I have had my share of problems, but they always seem to work out in the end. CMT worked out. I was always terrified that because of my weight issues (which caused lots of self-esteem issues), I would never meet a guy. I had one actual boyfriend before my hubby. Tom. He was such a jerk. But at least I wasn't alone. Then I met the hubby. At first it didn't seem as though our relationship would be able to go anywhere. He was just coming out of a failed marriage. He needed time alone to figure out what he wanted. But I kept at him and eventually we moved in together and once we moved from Texas to New Mexico, I knew that we would eventually get married.
So even that worked out in the end. But for the first time, I am facing the possibility that I may never be able to have a baby.

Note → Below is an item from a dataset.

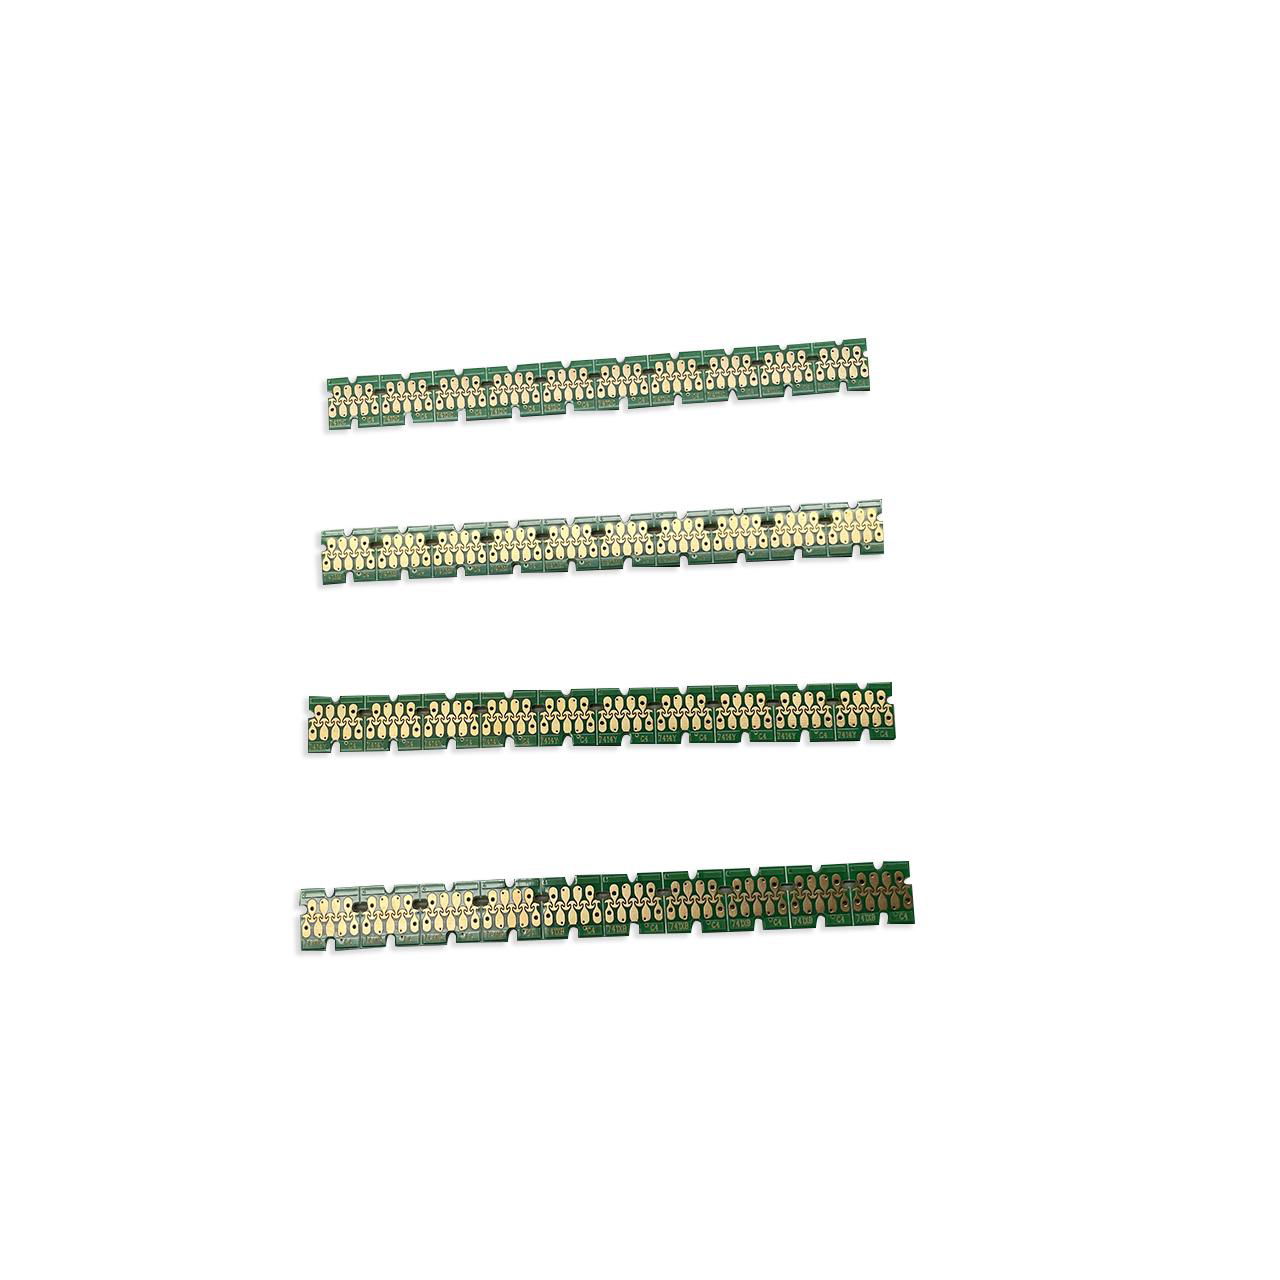 COLORTIME T7731-T7734 Cartridge one time chip for Epson SureColor SC B7000 B6000 2

I still have numerous options to try before that possibility becomes a reality, but I want to be prepared.
Next step try Letrozole for at least one cycle. If it gets me to ovulate, we can do several cycles of it to try to get preggo. If it doesn't make me ovulate or if I don't get preggo after 3-4 cycles with Letrozole, we move to either injectable meds or IVF. I am hoping to do at least one cycle with injectables before IVF, but my RE said he is hesitant to do injectables with a woman as young as I am. The worry with injectables is that they work TOO well. It is easy for ovaries to over stimulate. There is about a 20% chance of multiple births with injectables. So to control that I would get to to to Abq every other day during the first half of the cycle. What fun, especially with gas at nearly $3.50 a gallon. After that we would try IVF. We most likely can't afford more than two cycles of IVF. Luckily only the first one is super pricy. Both cycles would be expensive, but the second wouldn't require egg retrieval. IVF would only work if my ovaries can form eggs. And if those eggs are healthy. I have no clue if that is true at this point. If my eggs are not healthy or viable, we would move to egg donation. I'm lucky enough to have a friend who told me she would give me some of her eggs if I need them. She is a gorgeous and brilliant woman so I would be very lucky there. But I know how hard the process is and how invasive so I would never hold her to that offer unless she is totally comfortable with the process. After all of that comes adoption. Not my top choice obviously, but there are lots of great kids out there that just need a chance. But man is it EXPENSIVE!!!
So that is the worst case scenario path. We discussed it last night and the hubby & I agreed that if we haven't got a baby by the time I turn 35 (I'm 28 now) we should give up and move to South America. This decision was inspired by 2 bottles of wine and several episodes of Off the Map (like ER in the middle of the rain forest). We may change the location, but even in the sober light of the morning, I think that if we don't have a baby by then, I am going to need a major change of scenery. We almost moved to Barcelona a couple of years ago. I could handle that or France or who knows where.